Ein einzelner Beitrag kann Aufmerksamkeit erzeugen. Vertrauen entsteht meist über längere Zeit. Wenn ein Influencer ein Produkt mehrfach und in unterschiedlichen Alltagssituationen verwendet, wirkt die Empfehlung nachvollziehbarer als ein einmaliger Pflichtpost.

Langfristige Kooperationen geben beiden Seiten ausserdem die Möglichkeit, Inhalte anhand früherer Ergebnisse zu verbessern. Das Unternehmen lernt, welche Themen funktionieren. Der Influencer versteht das Produkt genauer und kann Fragen aus der Community kompetenter beantworten.

Dauerhafte Zusammenarbeit bedeutet jedoch nicht, dass jede Kampagne automatisch fortgesetzt werden muss. Nach jeder Phase sollten Zahlen, Inhalt, Tonalität und Rückmeldungen gemeinsam ausgewertet werden.

Video-Tipp: Influencer Marketing für Unternehmen

Das ausführliche Webinar der IHK Schleswig-Holstein erklärt, wie Unternehmen passende Influencer finden, Kooperationen planen, Preise einordnen und wichtige Vertragsfragen klären.



Fazit

Die beste Wahl ist selten der Influencer mit der grössten Fangemeinde. Entscheidend sind eine passende Community, glaubwürdige Inhalte, professionelle Zusammenarbeit und eine erkennbare Verbindung zur Marke.

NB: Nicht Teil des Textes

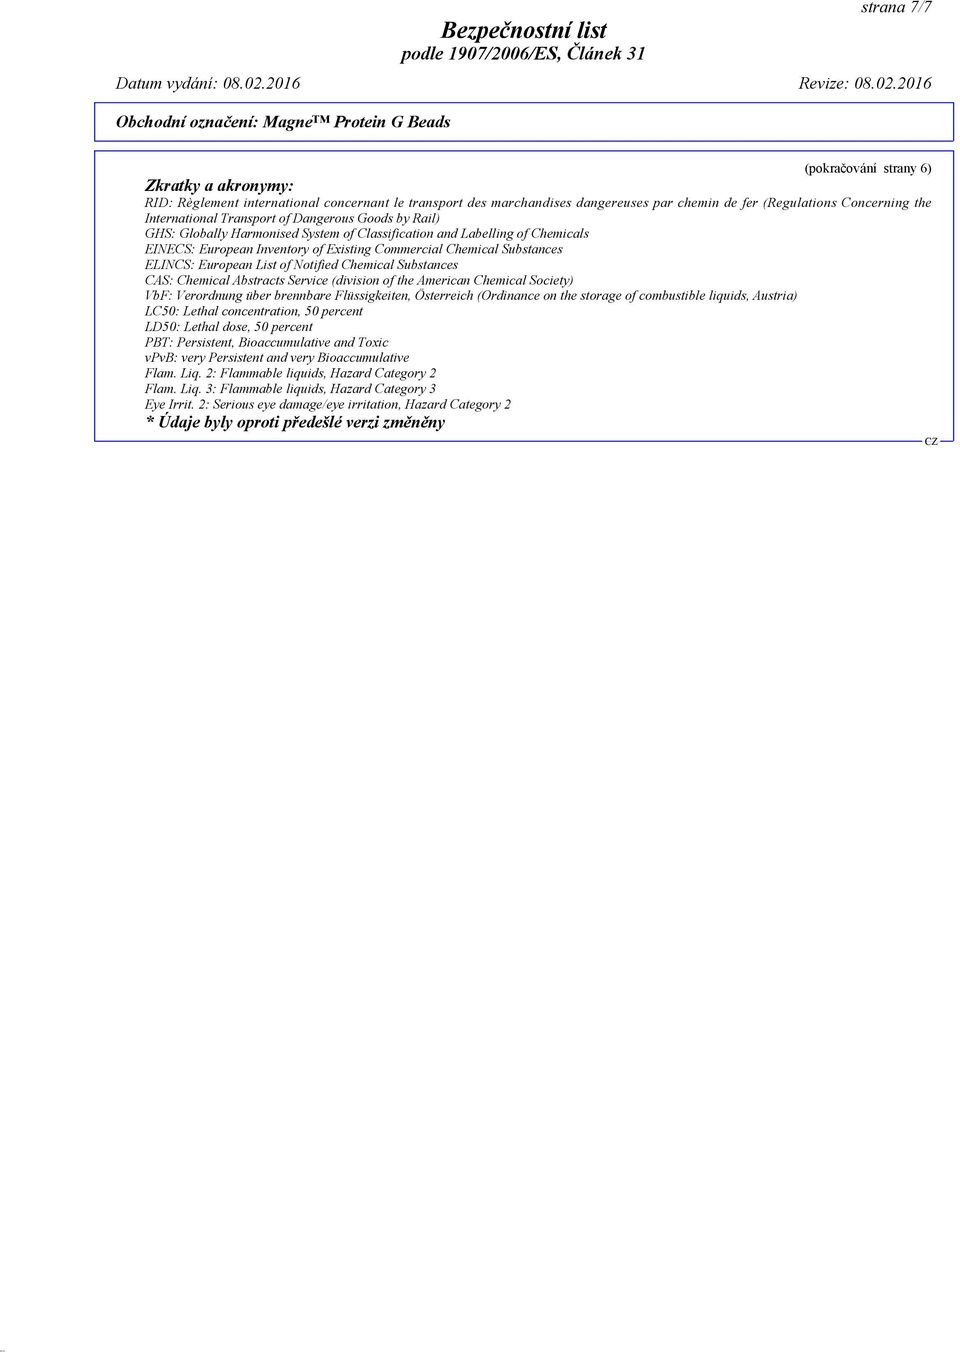 European List of Notified Chemical Substances CAS: Chemical Abstracts Service (division of the American Chemical Society) VbF: Verordnung über brennbare Flüssigkeiten, Österreich (Ordinance on the

Unternehmen sollten Zahlen prüfen, frühere Inhalte ansehen, Ziele festlegen und Rechte sowie Pflichten schriftlich regeln. Ein kleiner, sorgfältig ausgewählter Kooperationspartner kann dann wesentlich mehr bewirken als ein prominentes Profil, dessen Publikum zwar gross ist, aber kaum zur Kampagne passt.